This is also a great thread that people have contributed to that lists FOs that stick in CP.  Lots of great info here.





						HELP!  Need a fragrance suggestions for CP soap
					

Here's the deal - I am new to CP soap making.  I've been making M&P soap for years, but just branched into CP soap making this year.  The first thing I discovered with CP soap is that the fragrances can disappear or morph or cause the batter to seize.  I QUICKLY learned that I need to make test...




					www.soapmakingforum.com


----------



## Jersey Girl (Sep 13, 2020)

Catscankim said:


> Can you show the cut please? The suspension is killing me lol


I posted it in the August Challenge sign up sheet a while back. Here it is.


----------



## gardengeek (Sep 14, 2020)

Jersey Girl said:


> I add my FO at the very last minute after separating and coloring.  If I’m doing a swirly design I add them to all the colors at the same time.  If I’m doing layers I add it just before I pour each layer as I need to wait a bit between layers for them to set up. Don’t stick blend the FO in...whisk it in. That little bit of extra stick blending will make a difference In how quickly it starts to set up.  I never use a brand new to me untested FO if I’m swirling as I don’t want to be caught off guard. I use new ones in simple designs so I get a feel for how it behaves in my recipe.
> 
> 
> Looking forward to hearing how you like it!



@Jersey Girl, The photos on the Beer Soap? thread inspired me to make my first ever beer soap so I used my sample of Earth Meets Sky today. For the beer I used Honey Pilsner by Orange Blossom Brewing Co. (fairly local). I didn't add any color because I wanted to see how the beer affects the color. I think Earth Meets Sky compliments the scent and taste of the beer.

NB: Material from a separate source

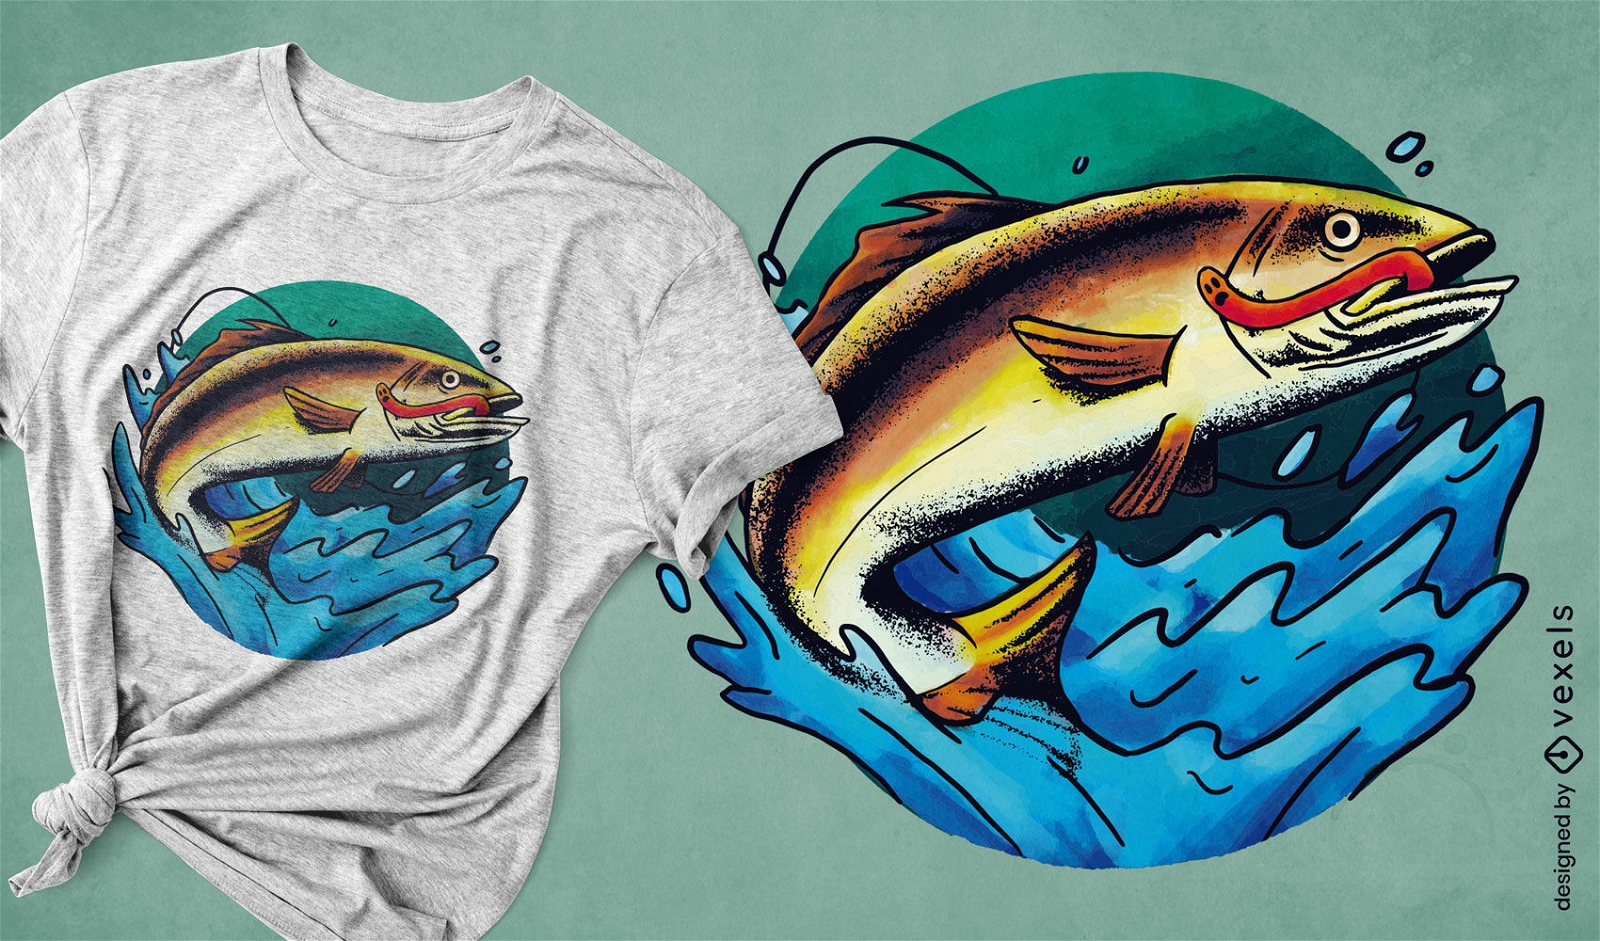 Dise?o de camiseta de animales gusanos que comen peces.

When I first poured it into the mold the batter was a pretty honey golden color but it's fading now to a creamy white. It's only been four hours so I'm sure it will end up being white or cream colored. I detect a slight Christmas tree scent OOB and for whatever reason it makes me hungry; not that I eat many Christmas trees... I used 5% PPO, hope that's a good amount.


----------